Jessy Moulin, l'enfant des Tourrettes
L’actuel gardien des Verts avait 13 ans lorsqu’il a quitté sa famille et Les Tourrettes, dans la Drôme, pour vivre pleinement sa passion. Son parcours est celui d’un homme authentique profondément attaché à sa famille.
Gaillard et sensible tout à la fois, Jessy Moulin est un affectif. "La famille, chez nous, n’est pas un vain mot. La quitter, à 13 ans, afin de vivre mon rêve de gosse, n’a pas été chose aisée." Des Tourrettes à Saint-Étienne, sa trajectoire décrit l’itinéraire d’un enfant attachant. "Nous sommes une famille très unie. Elle est tout pour moi. Je n’ai pas honte de l’avouer : la quitter pour rejoindre l’ASSE a été un vrai déchirement. J’étais partagé. Je me posais des tas de questions. Je souhaitais saisir l’opportunité qui m’était offerte mais, en même temps, je n’avais
pas envie de quitter mes parents
et mes trois frères. C’était notre
sujet de discussion. Je savais
que je pouvais compter sur leur soutien.
Mais je n’avais que 13 ans. Moralement, c’était très dur. Je
ne suis pas allé à l’école pendant
deux semaines. Et puis un jour,
Nicolas Bertrand, le frère de mon meilleur pote, Romuald, est venu à la maison. Il m’a secoué. Je me souviens encore de ses mots : nous voudrions tous être à ta place, réalise ton rêve!"
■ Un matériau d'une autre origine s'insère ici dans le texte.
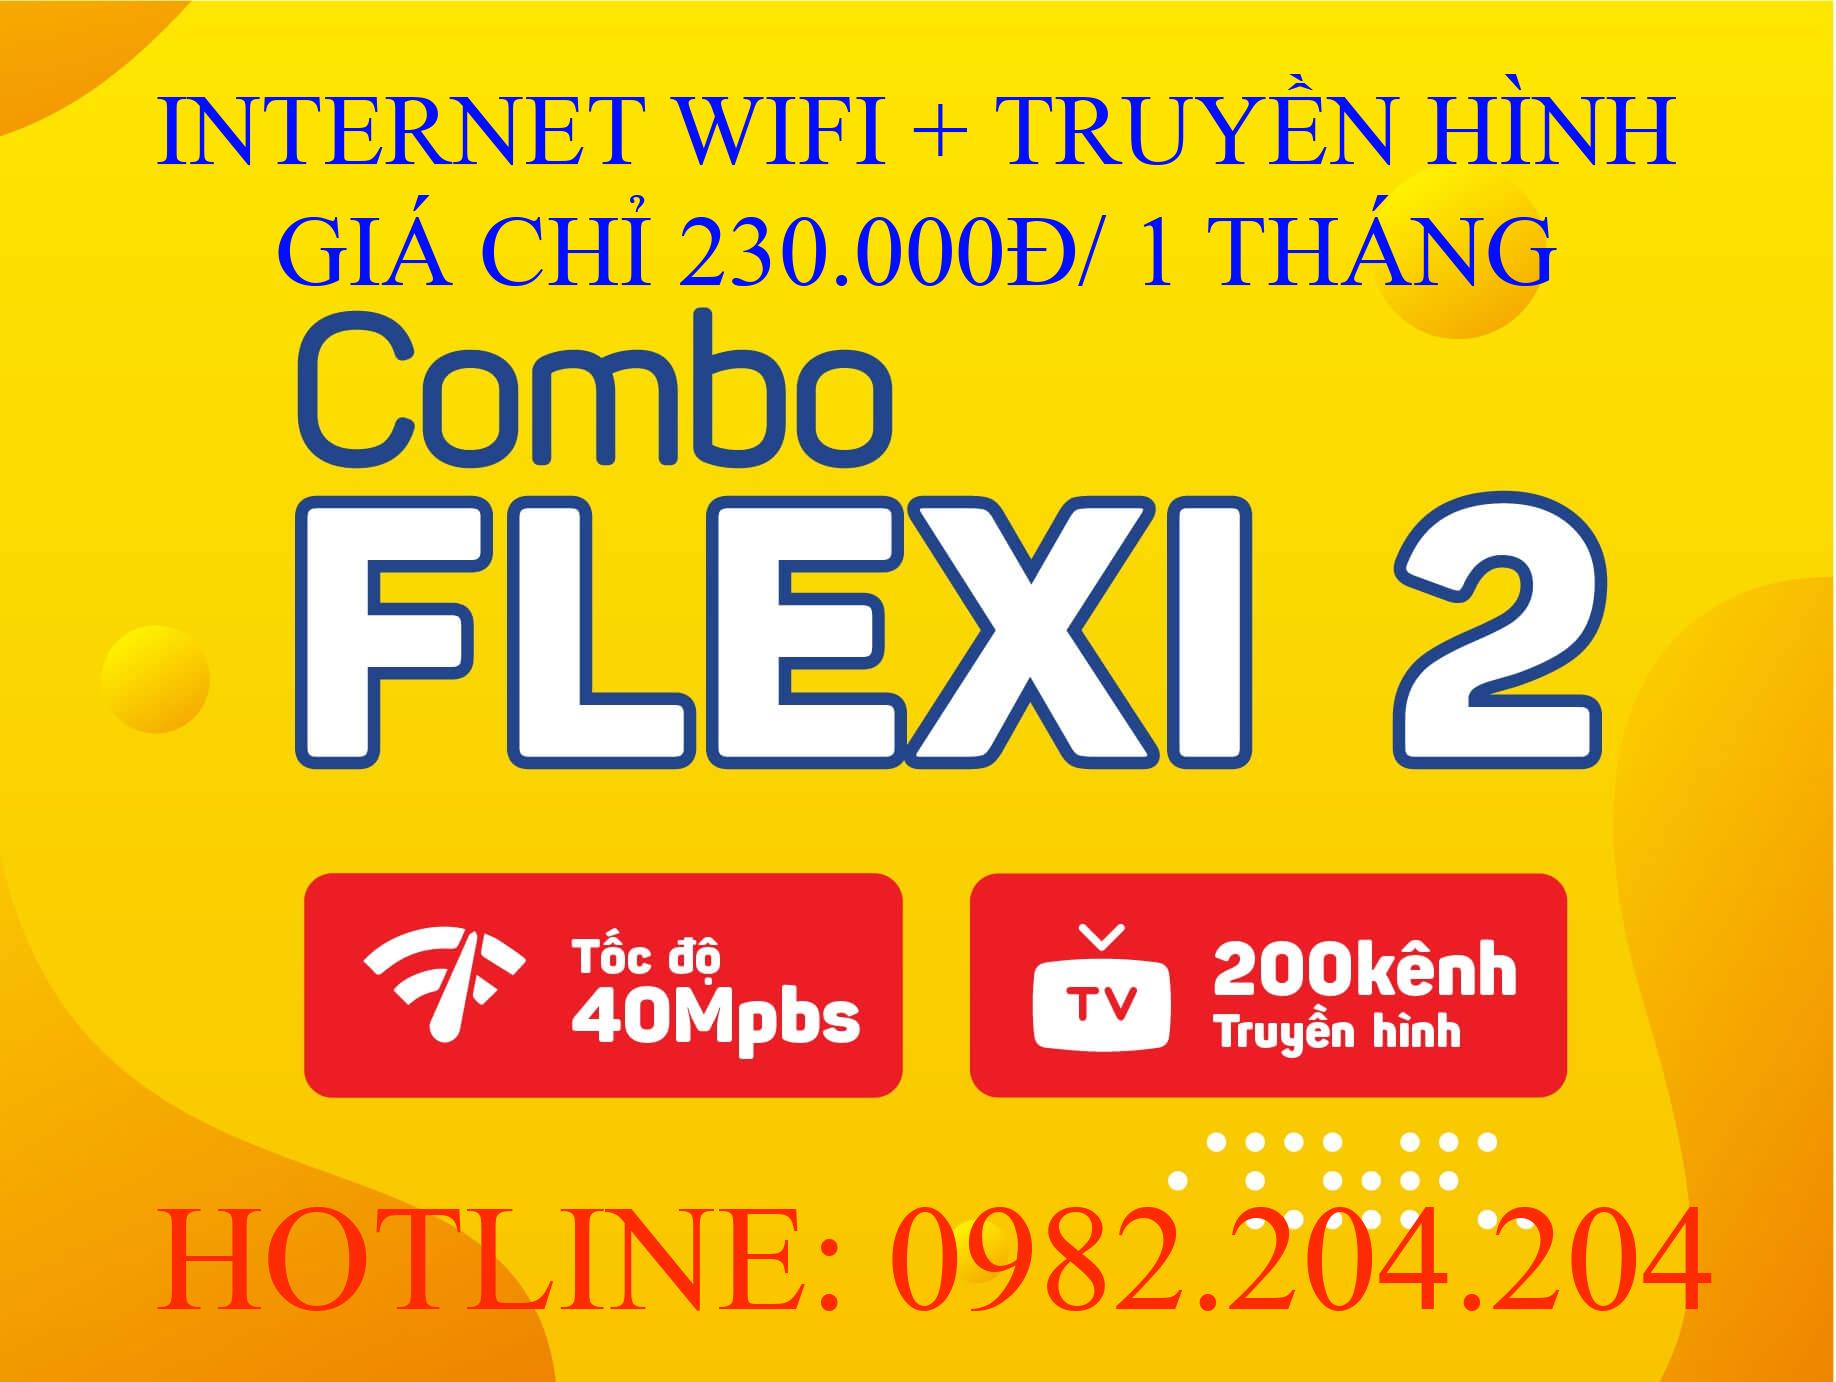 Lắp wifi Viettel combo flexi 2 kèm truyền hình

"Il en demandait toujours plus. Trois séances hebdomadaires, durant l’été, ne le rebutaient pas. Un gosse extra. (Jean-Yves Brucker, son éducateur en U13)
Vingt ans plus tard, Jessy Moulin est toujours Stéphanois et mesure, au quotidien, la chance qui est la sienne de vivre de sa passion. "Croyez-moi, cela vaut le coup de faire des concessions." Celles que demain Lorenzo, le fils de Nicolas, nouveau pensionnaire à L’Étrat, sera amené à consentir. "Voici deux semaines, je l’ai accueilli à la maison. Je sais trop ce que c’est d’être éloigné des siens !"
Généreux dans la vie, le minot des Tourrettes l’a toujours été également sur le terrain. "J’ai débuté à 6-7 ans. Je jouais attaquant. Et puis, lors d’un tournoi à Rochemaure, je suis passé dans les cages. Immédiatement, cela m’a plu. Voir le jeu, aller au duel, plonger, sortir loin de sa surface : j’ai accroché tout de suite. Gardien, c’est un poste à part. Lorsque tu encaisses un but, tu ressens de la culpabilité et tu dois apprendre à gérer les regards de tes partenaires. Mais cela participe aussi au charme du poste. Il faut savoir ne pas fuir ses responsabilités", confie le portier de l’ASSE.
Pour y arriver, il faut bosser. Encore et toujours. "Il en demandait toujours plus. Trois séances hebdomadaires, durant l’été, ne le rebutaient pas. Un gosse extra. Jamais un mot plus haut que l’autre. Il nous a sorti des matches extraordinaires. Combien de fois, il nous a sauvé la mise lors des séances de tirs au but ! Et puis, il n’avait pas peur, n’éprouvait aucune appréhension à se jeter dans les pieds des attaquants. Seul petit bémol : ses dégagements au poing, il boxait les ballons alors que j’avais le sentiment qu’il pouvait les capter", se souvient son éducateur en U13, le Ligérien Jean-Yves Brucker, vice-champion de France FSCF en 1973 avec Saint-Joseph.
Depuis, Jessy a énormément progressé. Et fait montre d’une loyauté et d’une fidélité à son club tout simplement exemplaires. Question d’éducation, sans doute. "Je sais d’où je viens. Jamais, je ne l’oublierai. C’est une chance d’être unis de la sorte. On partage plein de choses : la passion des sports mécaniques par exemple." Véhiculée de génération en génération. Un vrai moteur. Une belle histoire de moulins qui tournent comme des horloges suisses.